(Beginning of Supplied information)

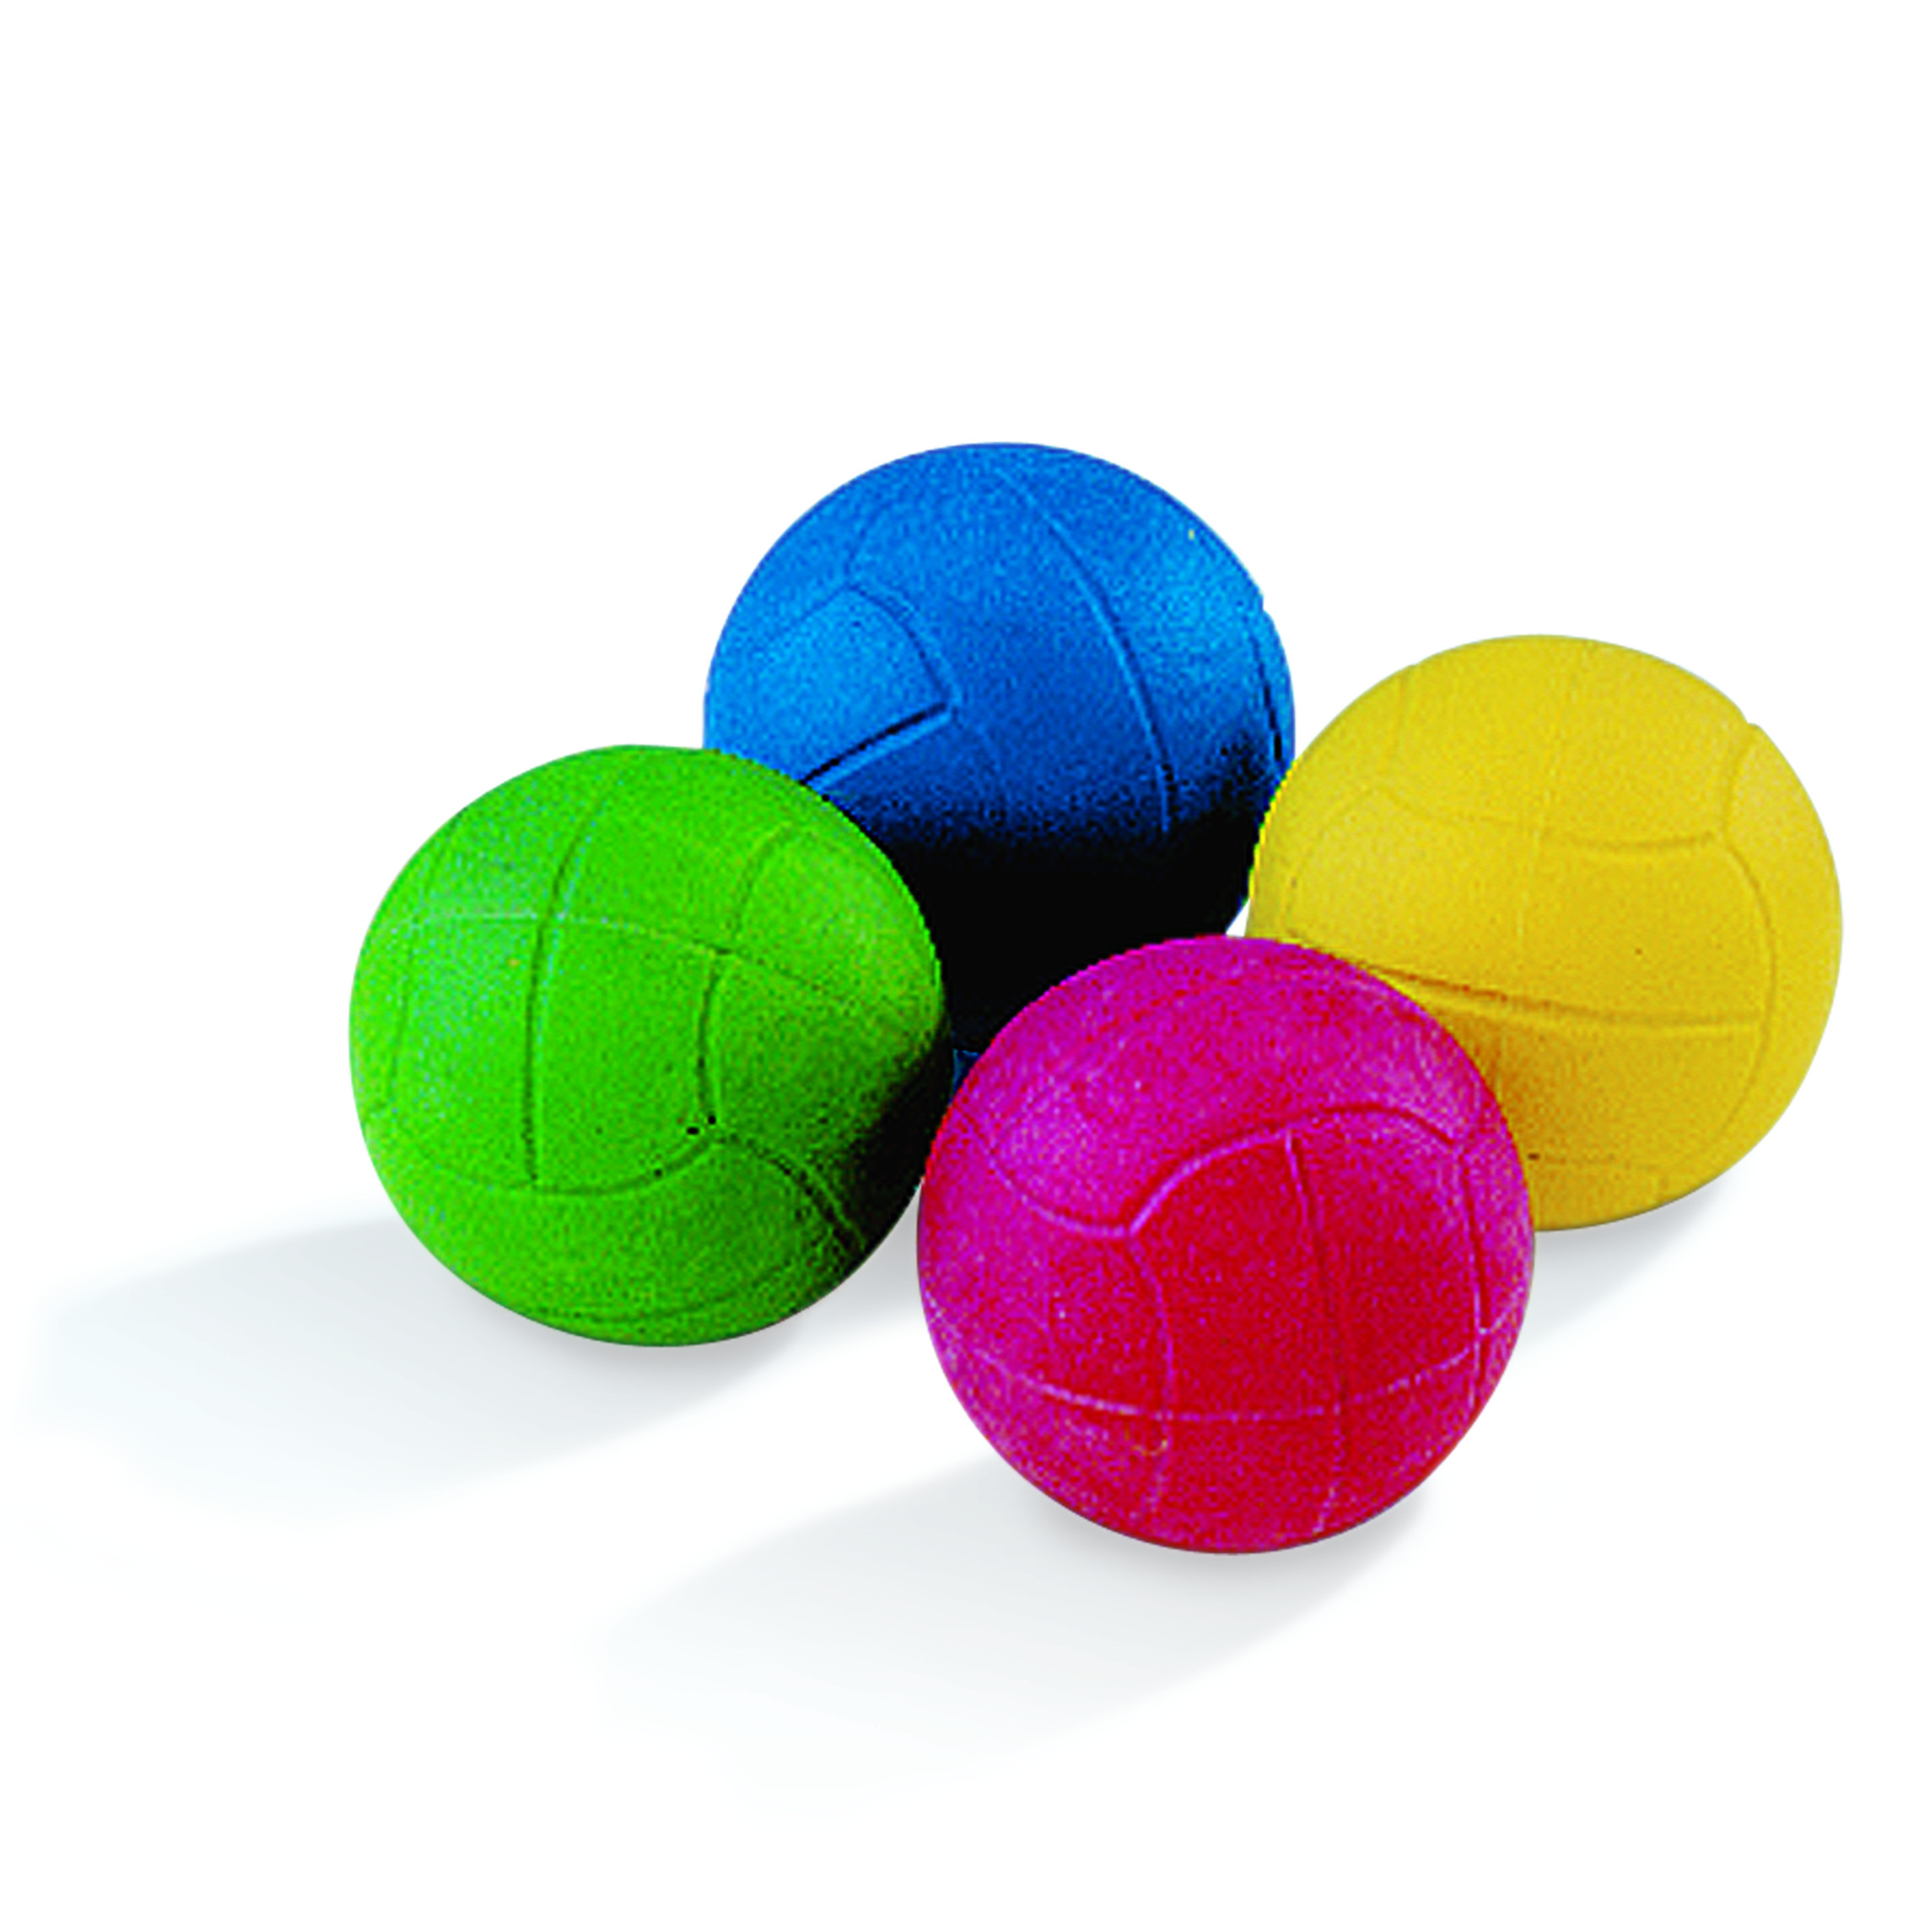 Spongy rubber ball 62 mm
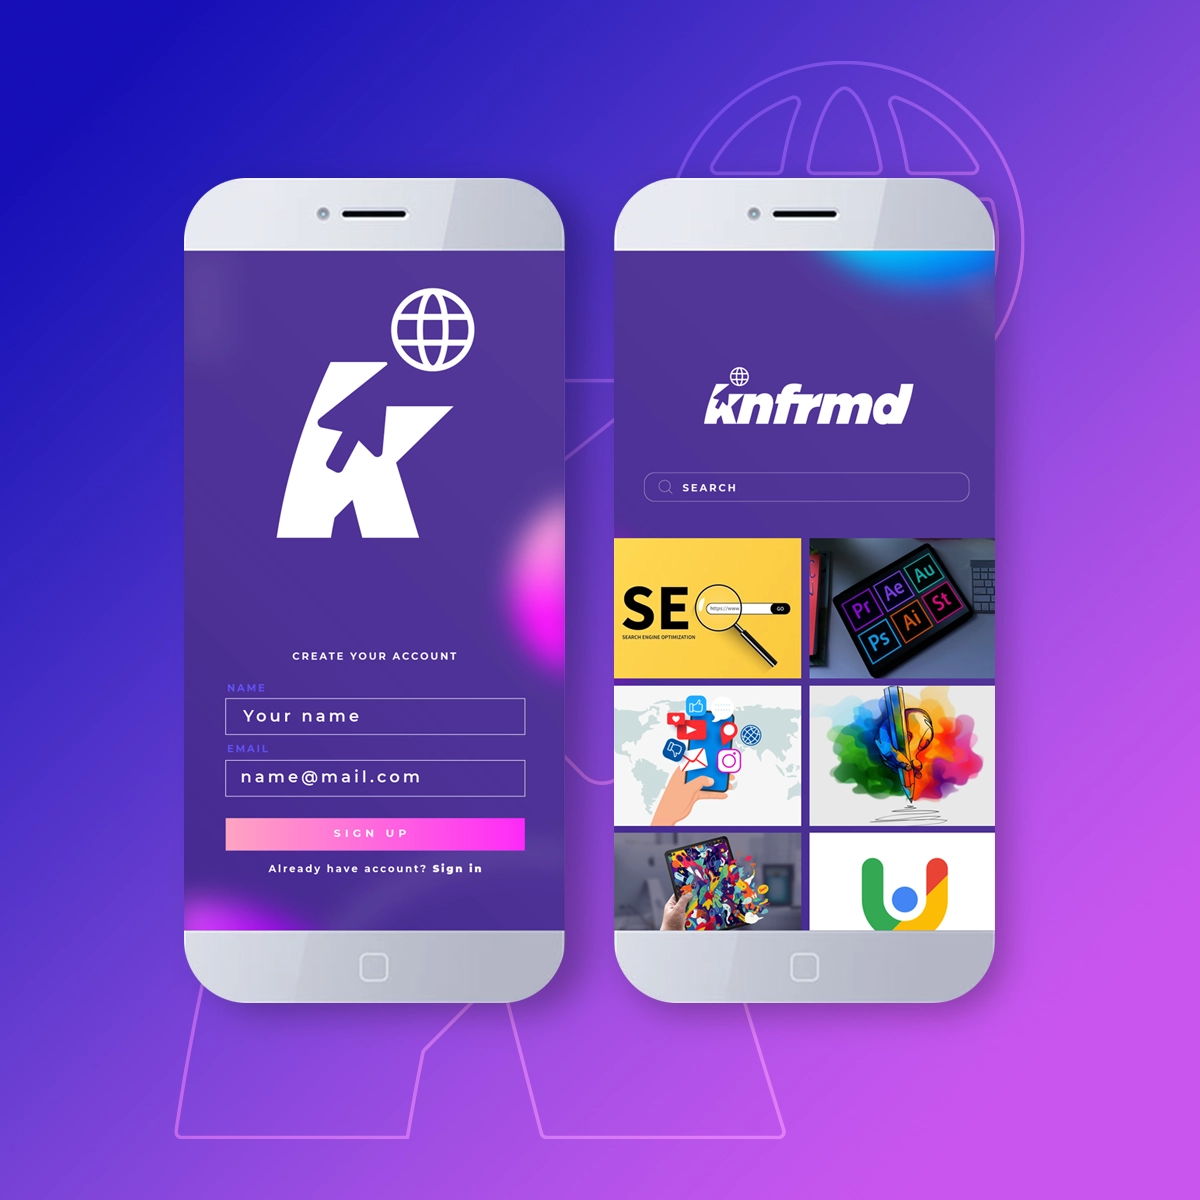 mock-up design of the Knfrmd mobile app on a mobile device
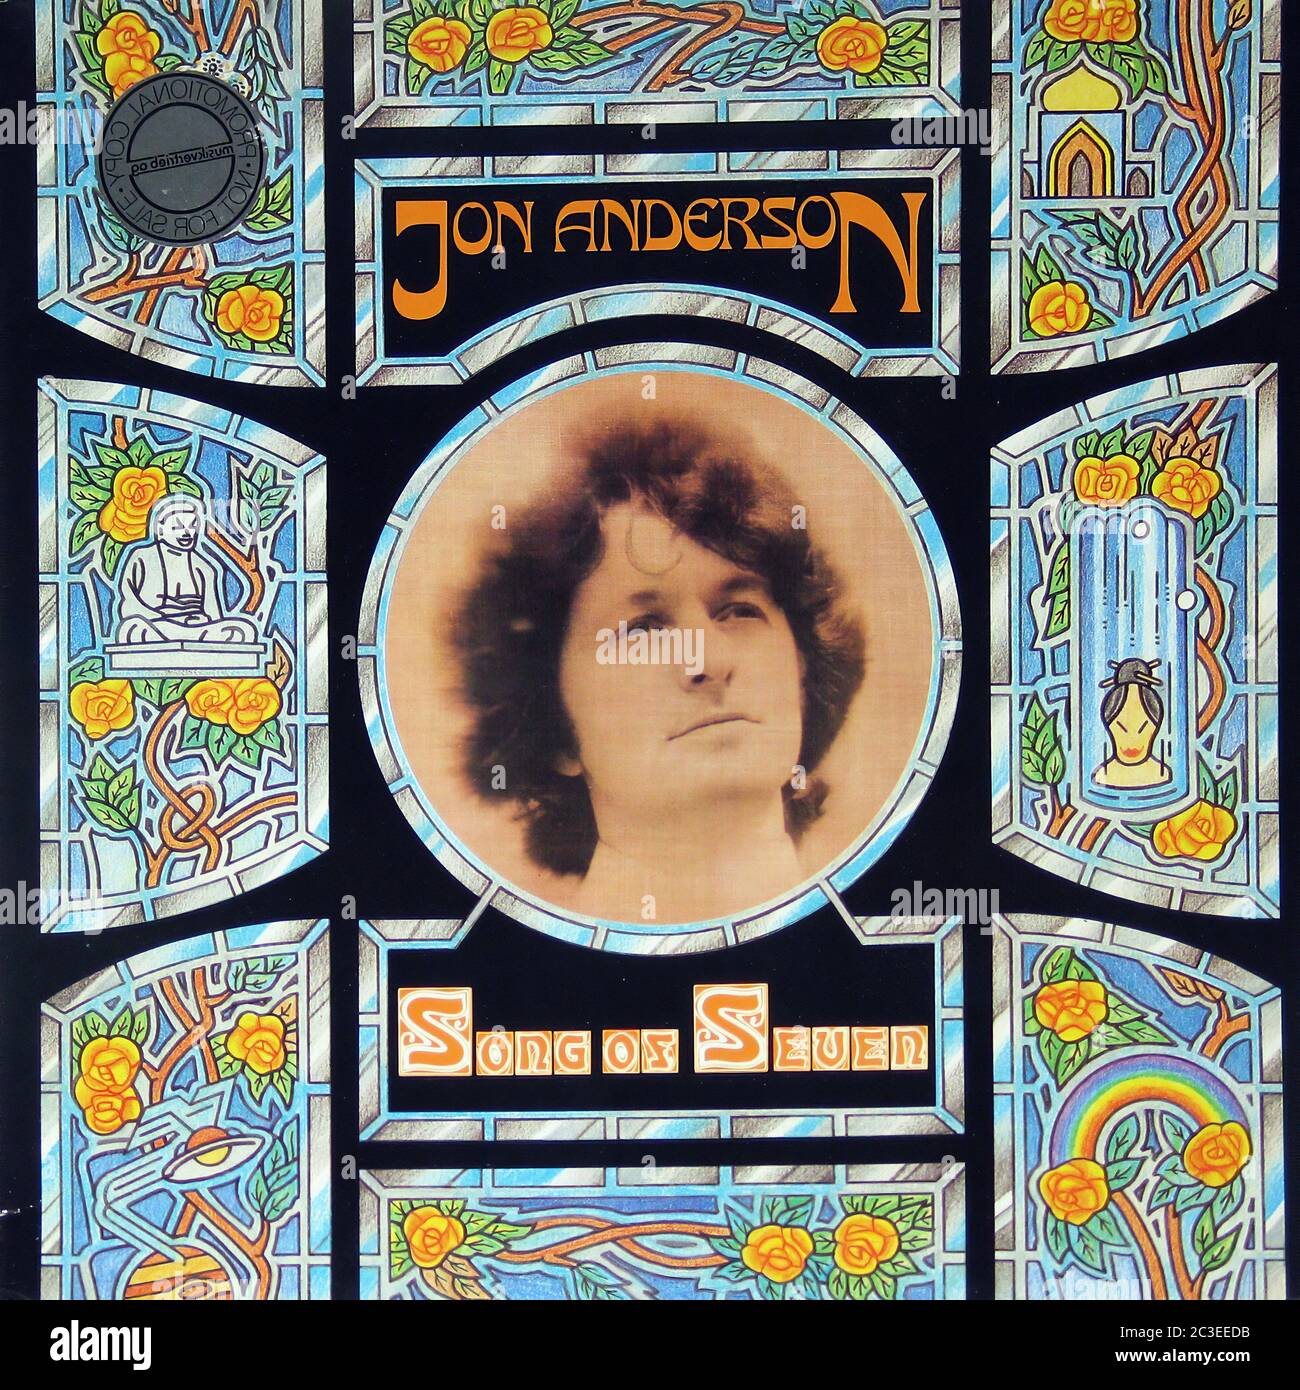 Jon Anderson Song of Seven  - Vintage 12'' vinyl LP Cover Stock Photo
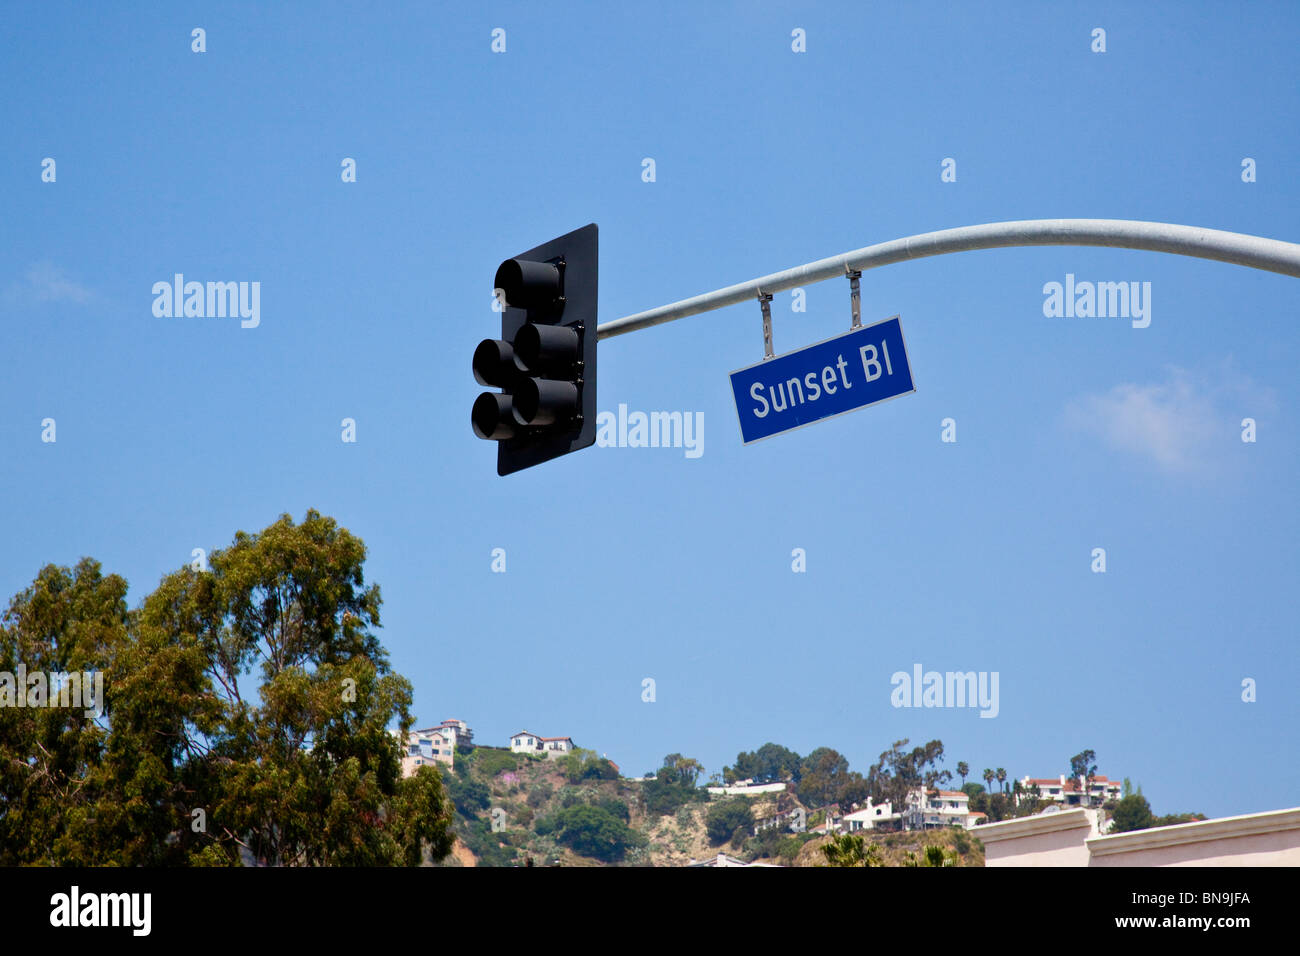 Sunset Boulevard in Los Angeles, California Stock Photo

(End of Supplied information)

## Task to complete
Output a verbatim copy of the lines from the line containing "Jon Anderson Song" through the end of the data, both included, without any images.

## Response area
 Jon Anderson Song of Seven  - Vintage 12'' vinyl LP Cover Stock Photo
 Sunset Boulevard in Los Angeles, California Stock Photo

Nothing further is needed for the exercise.